The idea: pick centers, then settle

k-means looks for \( k \) centroids — the centers of \( k \) groups — by repeating two dead-simple steps until nothing moves:

  1. Assign: color each point by its nearest centroid.
  2. Update: move each centroid to the average of the points that chose it.

That's the whole algorithm. Assign, update, assign, update — each round can only lower the total spread, so it always settles. The quantity it drives down is the inertia: the sum of squared distances from every point to its centroid.

\[ \text{inertia} \;=\; \sum_{i} \lVert x_i - \mu_{c(i)} \rVert^2 \]

where \( \mu_{c(i)} \) is the centroid of the cluster point \( x_i \) was assigned to. Lower inertia means tighter, cleaner groups.

Run it yourself

Set \( k \), then press Step to watch one assign-and-update round at a time, or Run to let it converge. The centroids (the big rings) start in random spots and walk toward the heart of each cluster. Reset re-seeds them — notice the final groups can change depending on where the centroids started.
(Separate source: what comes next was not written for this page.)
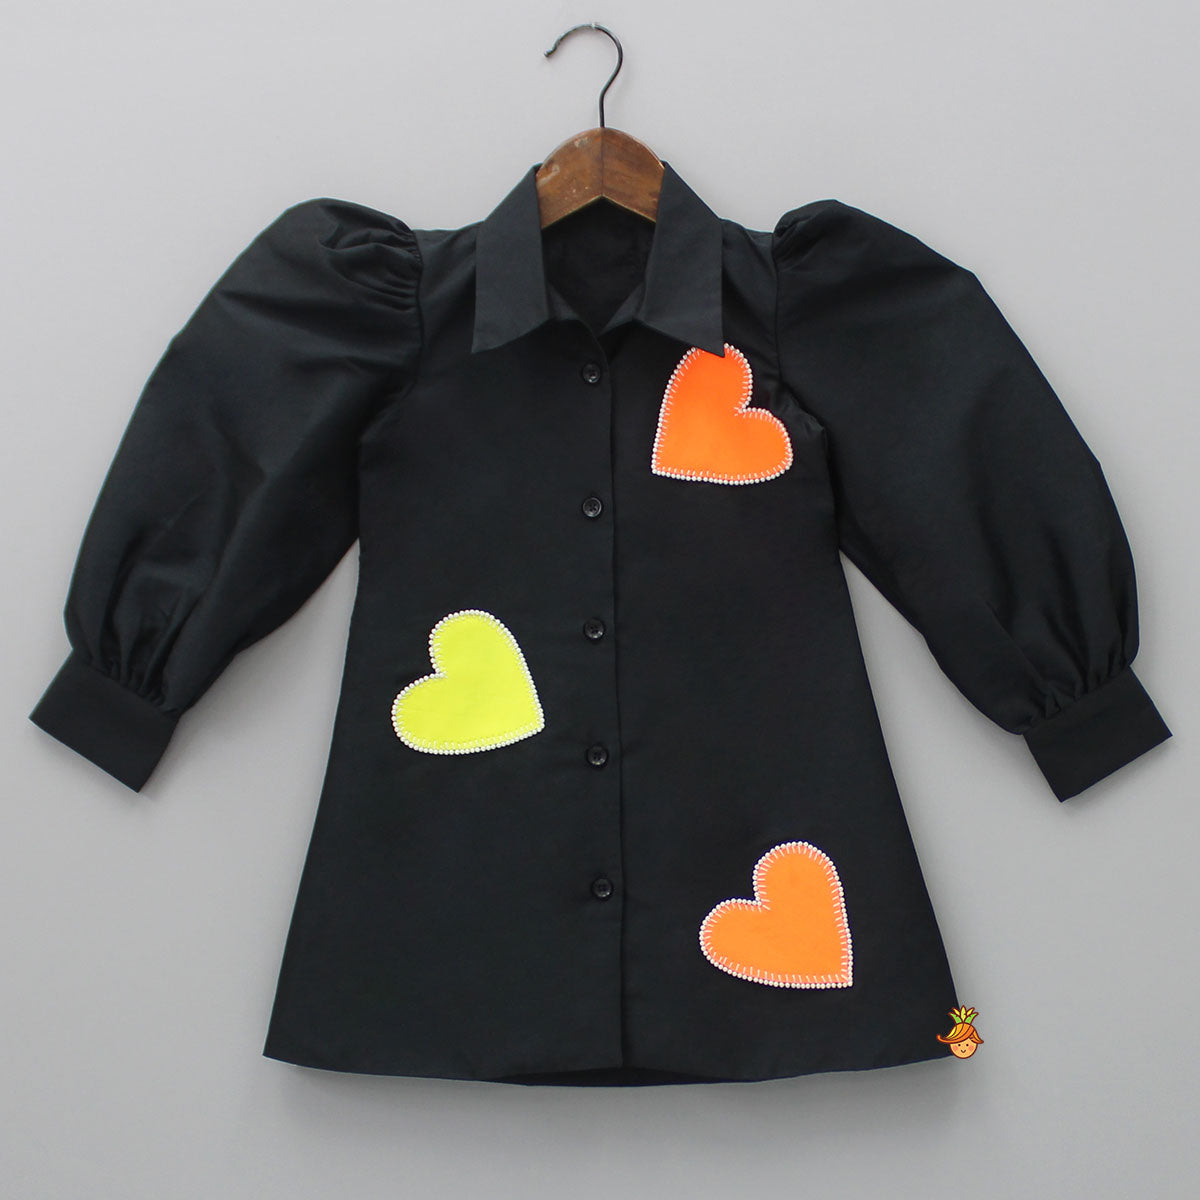 Heart Patch Work Black Collared Neck Dress
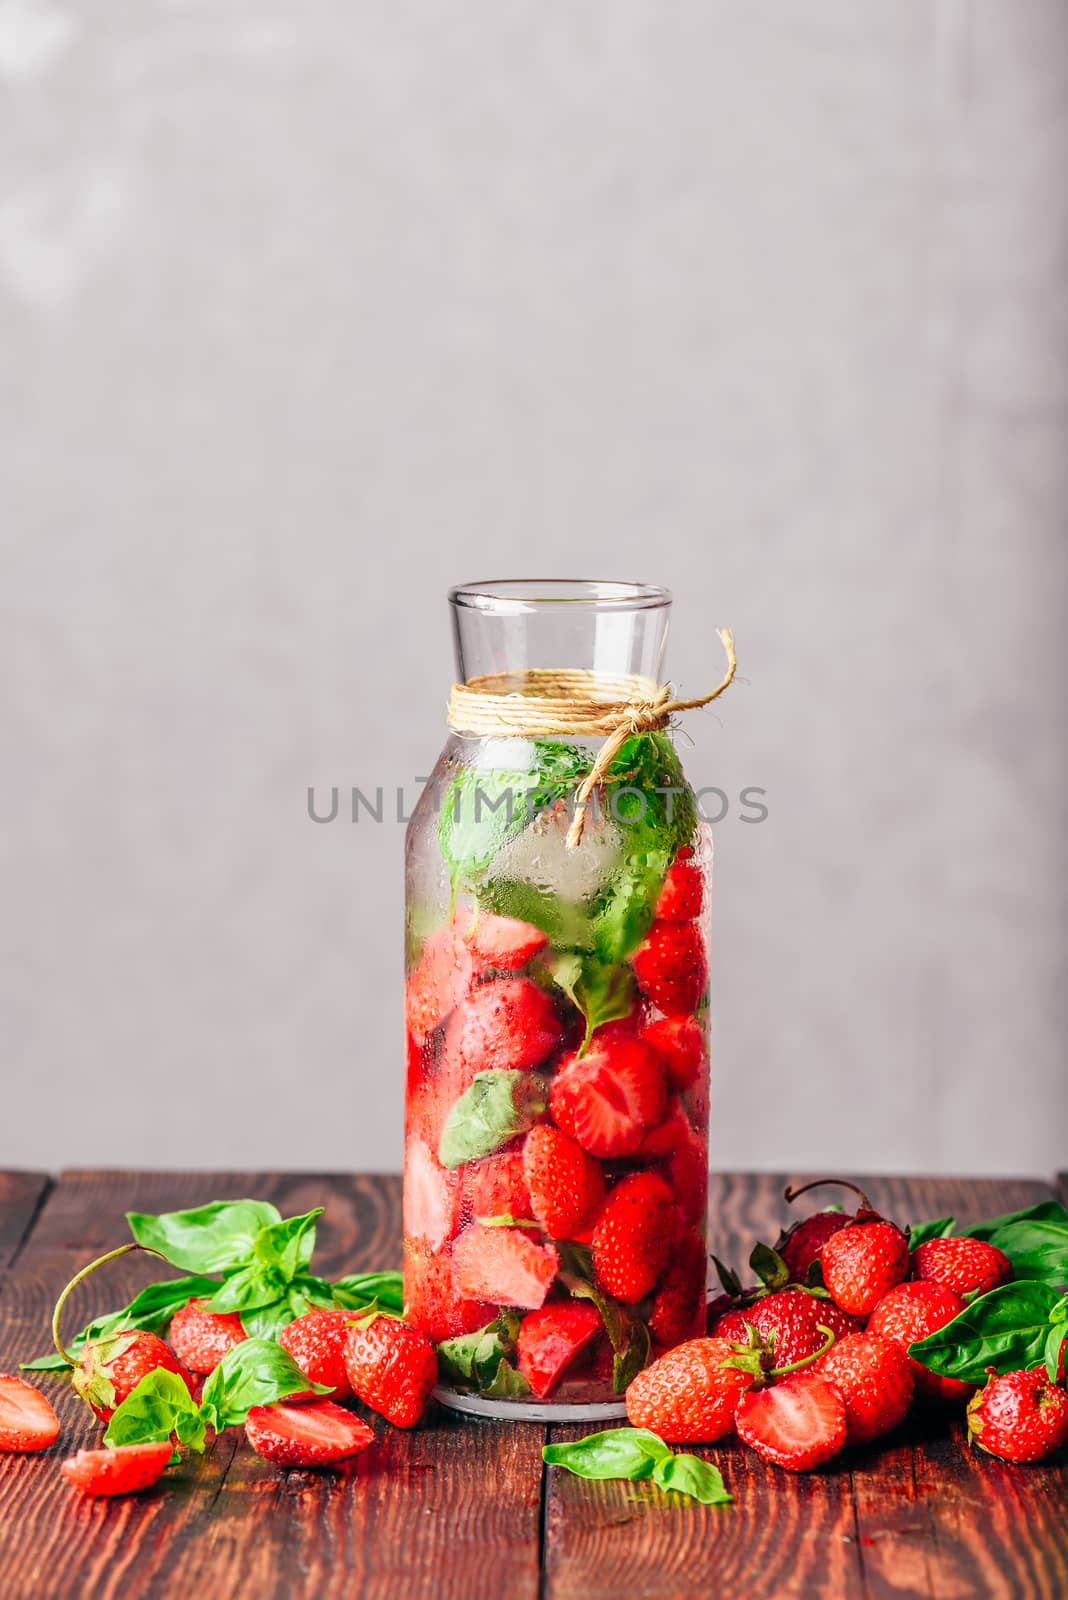 Bottle of Water Infused with Fresh Strawberry and Basil Leaves. Scattered Ingredients on Wooden Table. Vertical Orientation and Copy Space.

This activity needs JavaScript. The lesson below still covers everything.

Choosing k: the elbow

k-means can't tell you how many groups exist — you pick \( k \). Too few and you merge distinct groups; too many and you split one group into meaningless shards. A common trick is the elbow: plot inertia as \( k \) grows. It always drops, but the drop slows sharply once you pass the "true" number of clusters — that bend is a good \( k \).

The same thing in scikit-learn — run it right here, nothing to install
from sklearn.cluster import KMeans

km = KMeans(n_clusters=3)   # the k you set on the slider
km.fit(X)                     # no labels y — that's what "unsupervised" means
km.labels_                       # which cluster each point landed in
km.inertia_                      # the spread it minimized

Notice fit(X) takes no y. There are no right answers to learn from — the structure comes entirely from the data’s shape. Hit Run it yourself, then change n_clusters and watch the inertia and the centroids move.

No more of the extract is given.